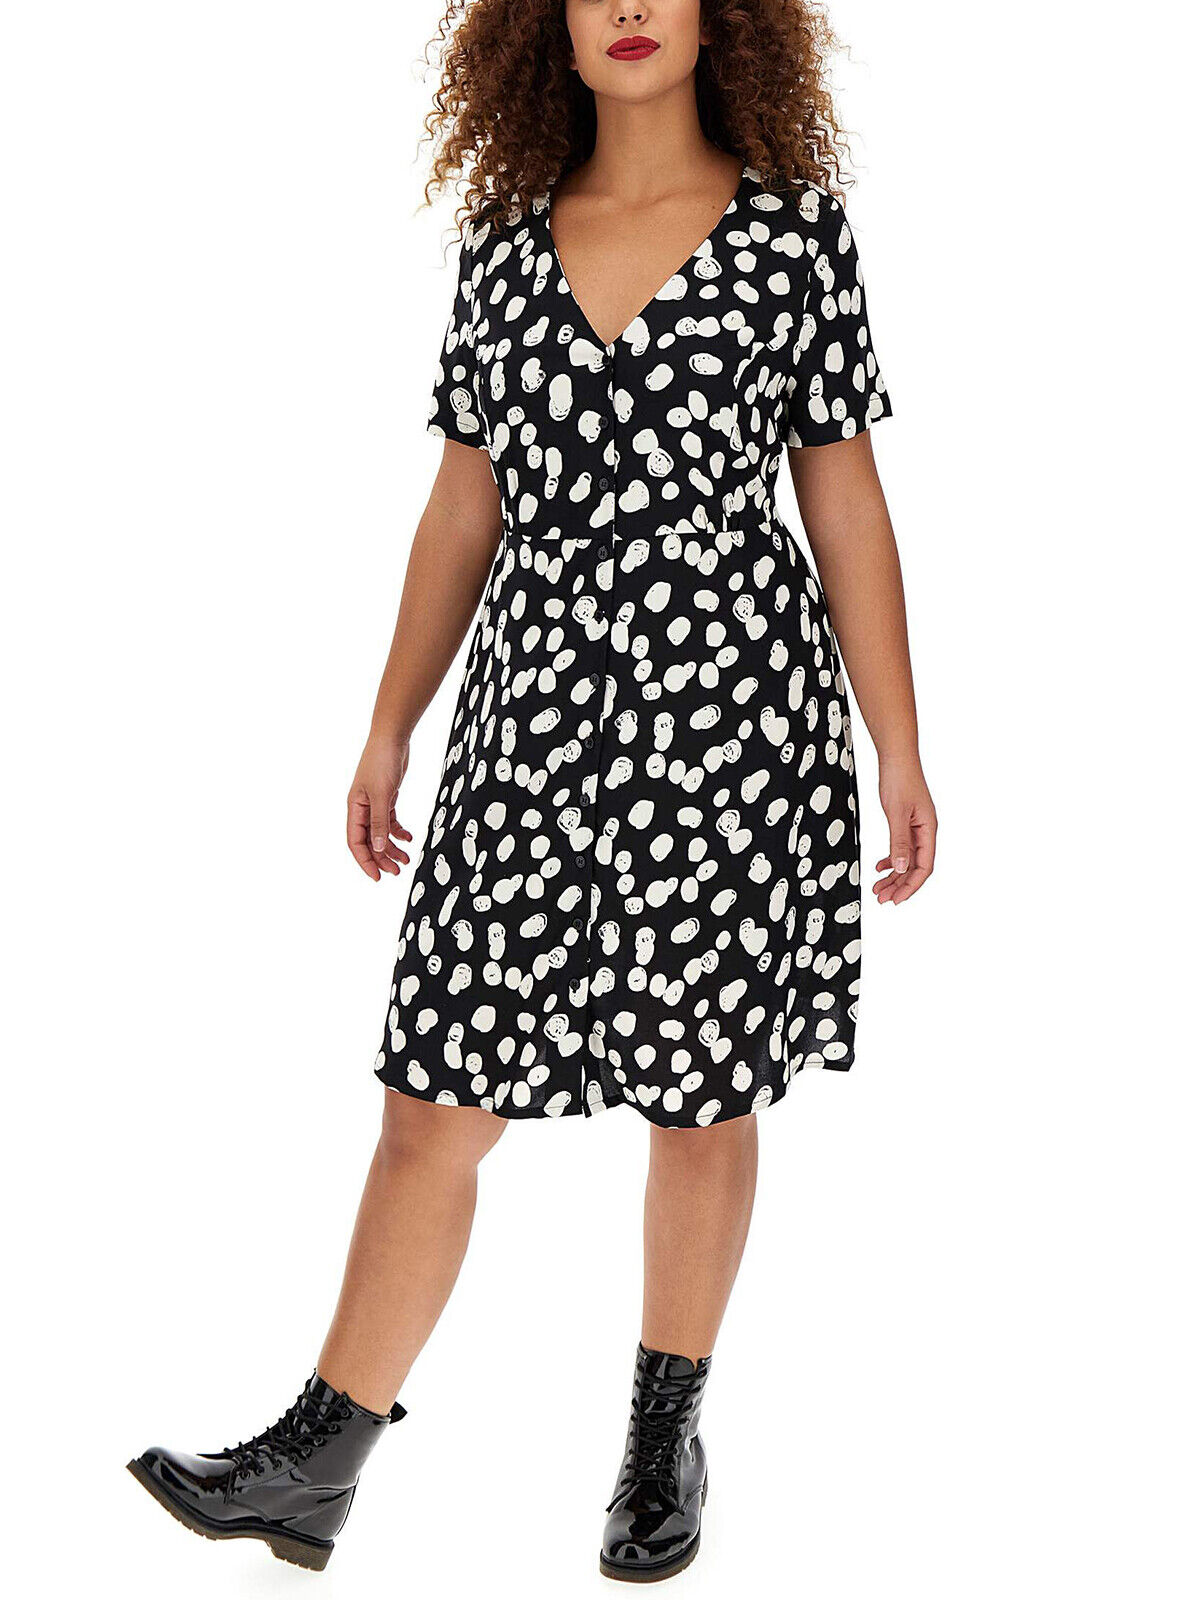 Simply Be Black Spot Print Tea Dress in Sizes 16 or 18
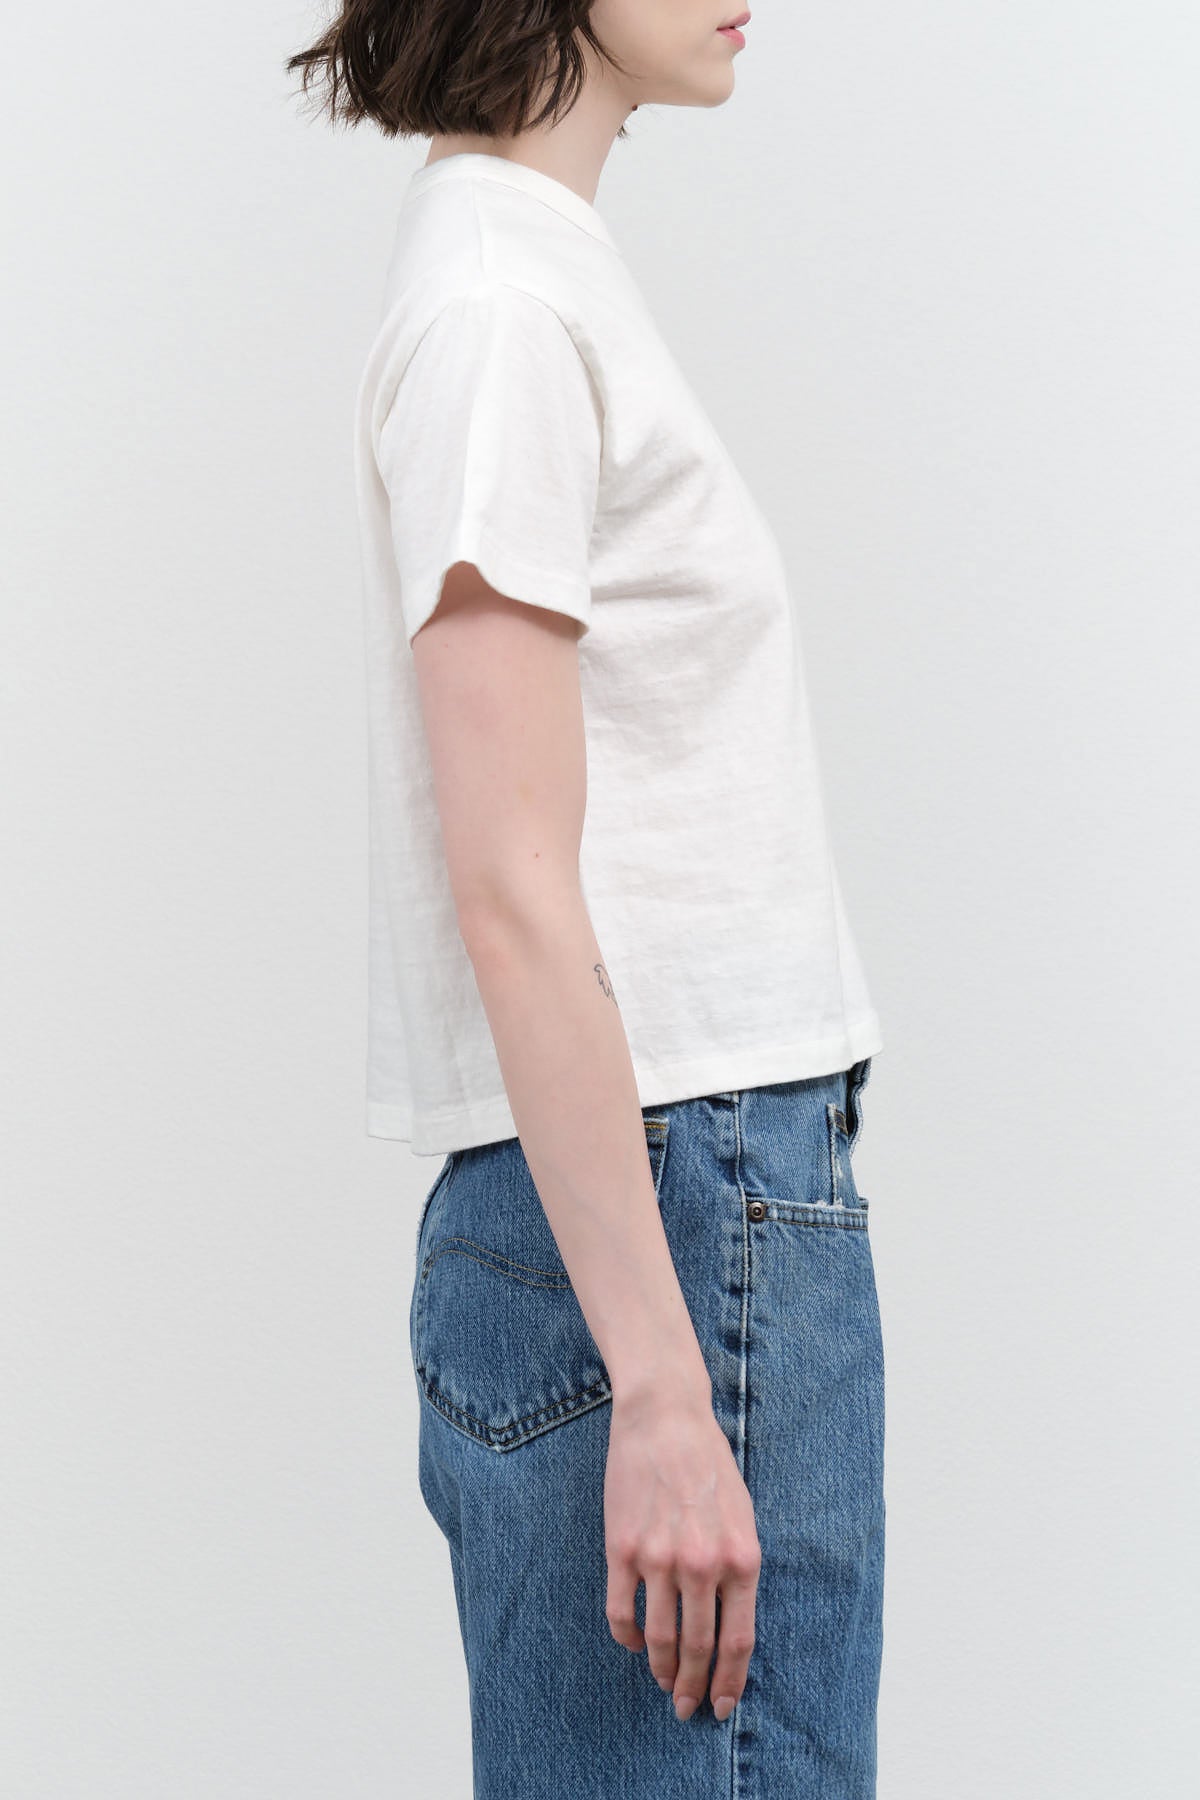 Hi'aka Short Sleeve White Tee Shirt by Sunray Sportswear with Ribbed Collar
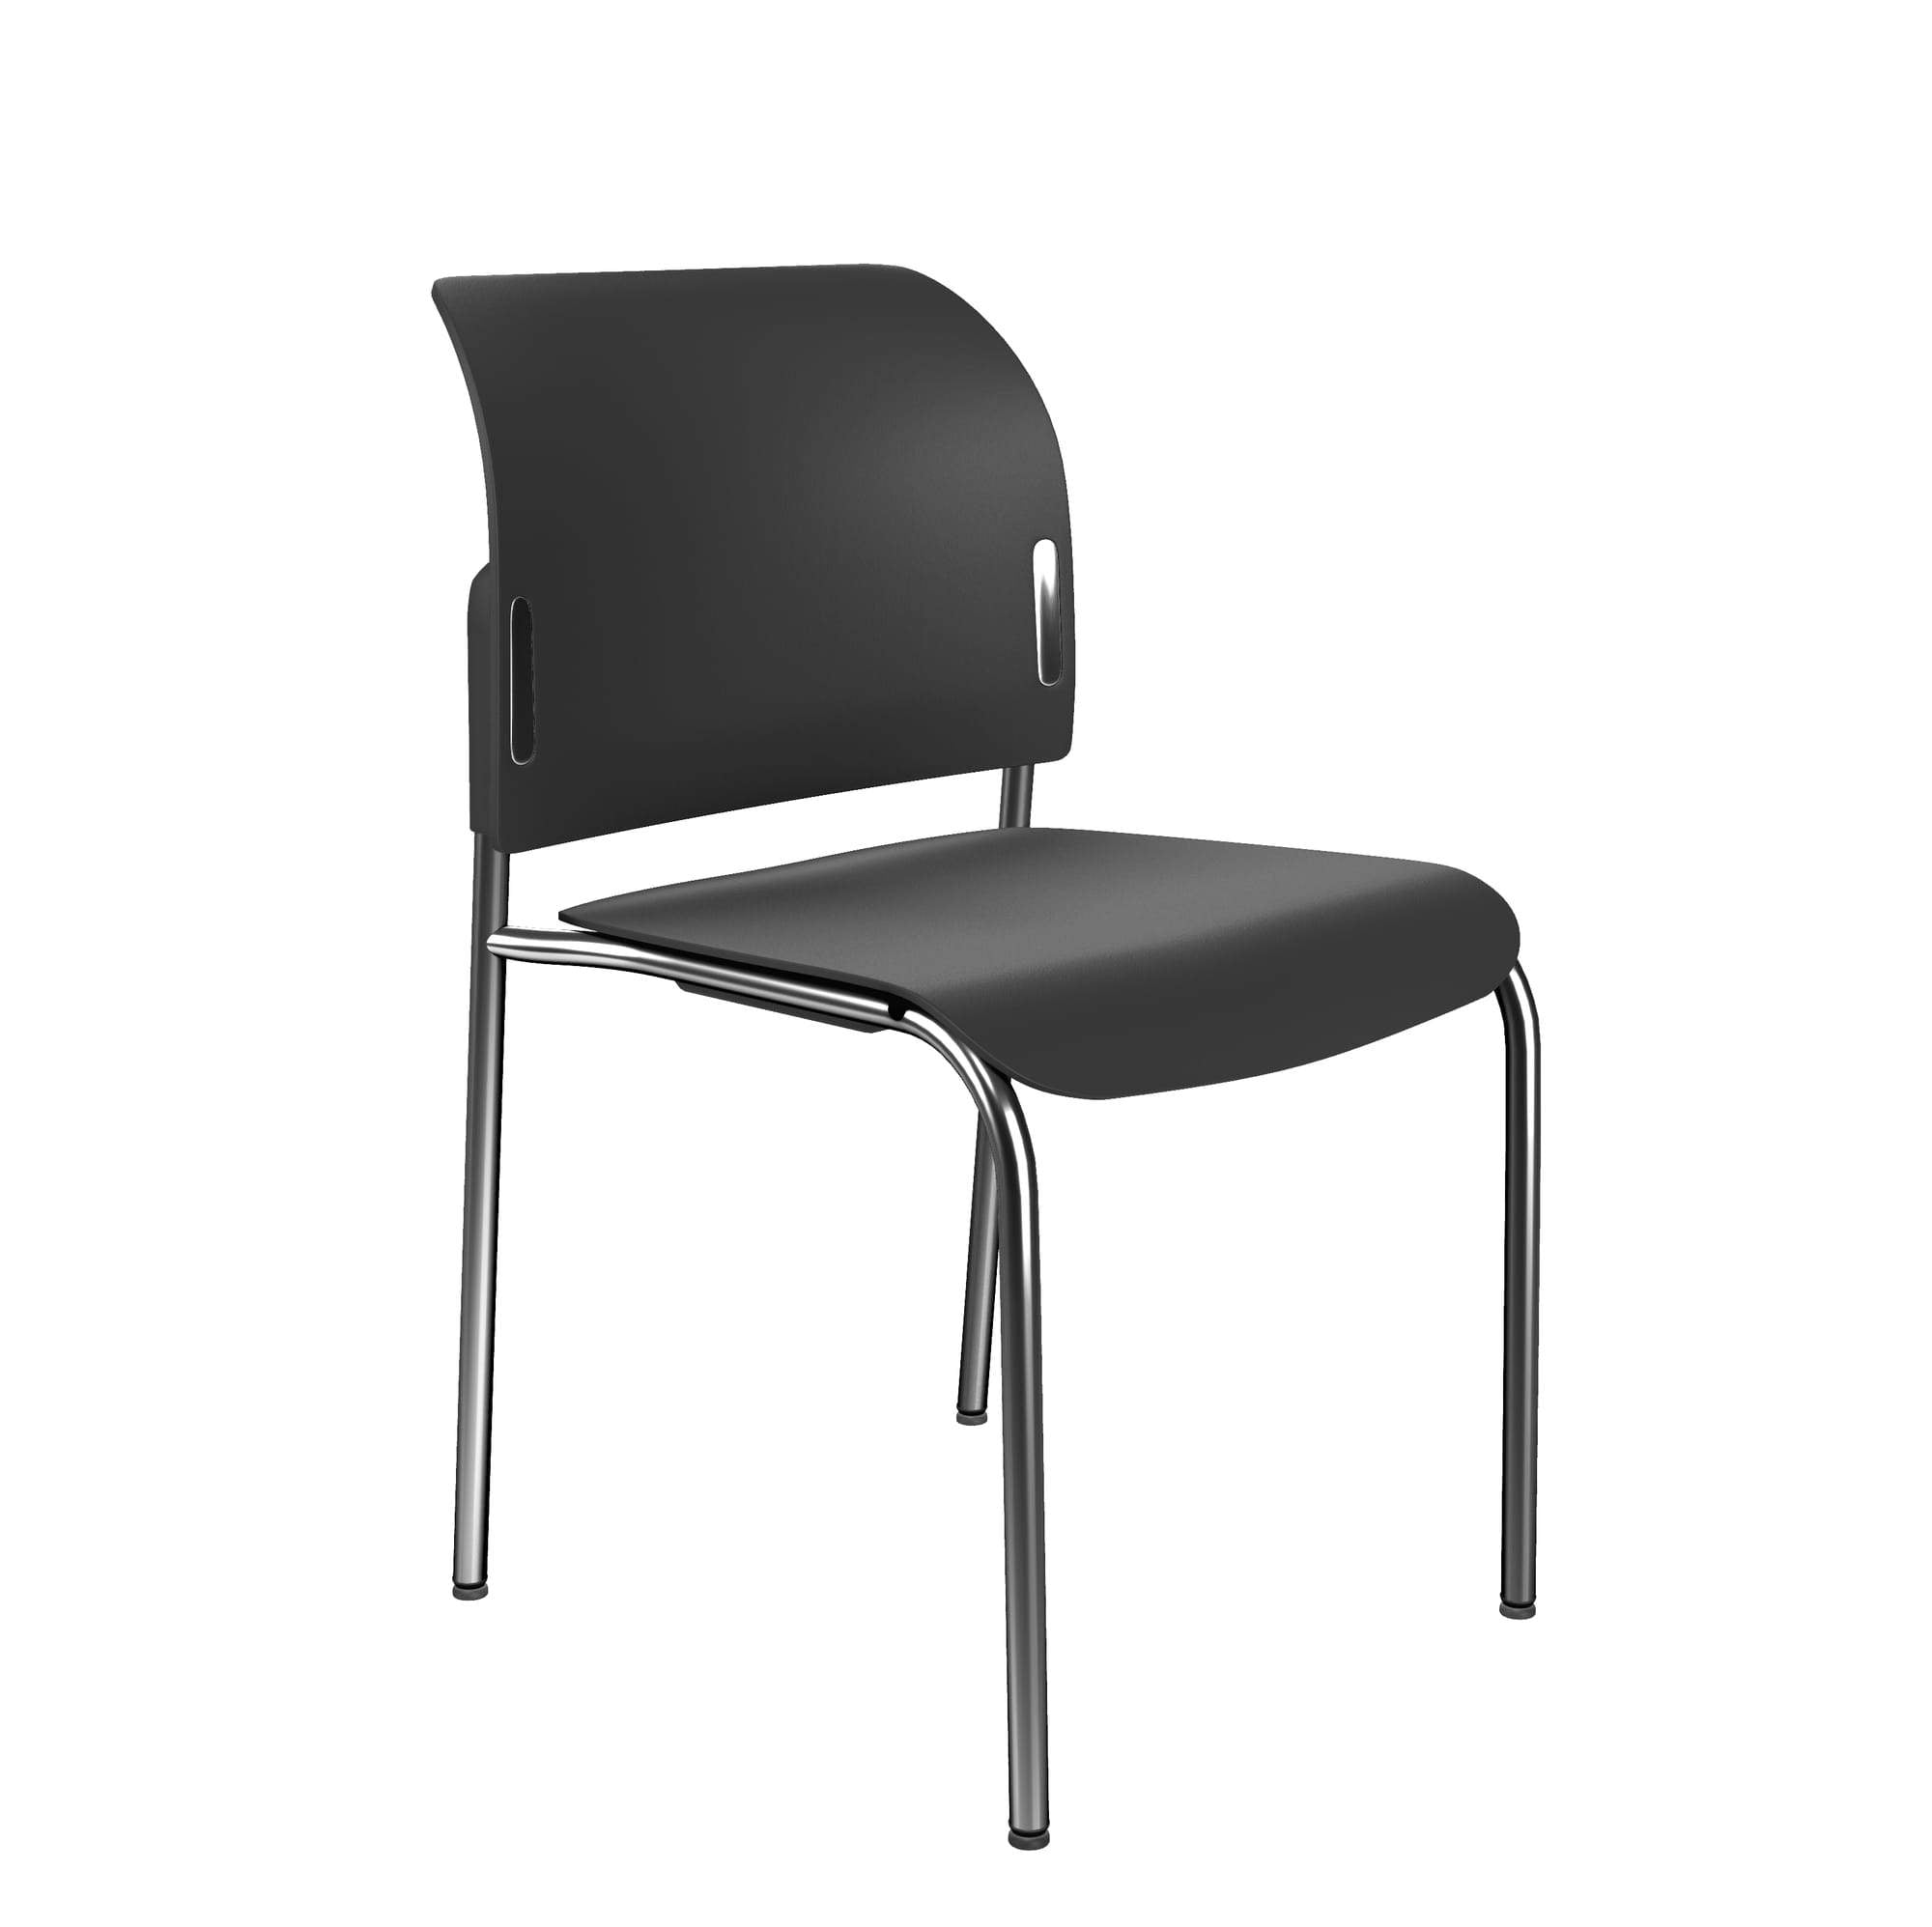 Bit Plastic Seat and Backrest Chair, 4-Legged Frame - Model 550H

__What to produce__: Everything in the data above gets copied exactly. Only the pictures are skipped.

__Problem solution__:
 Simply Be Black Spot Print Tea Dress in Sizes 16 or 18
 Hi'aka Short Sleeve White Tee Shirt by Sunray Sportswear with Ribbed Collar
 Bit Plastic Seat and Backrest Chair, 4-Legged Frame - Model 550H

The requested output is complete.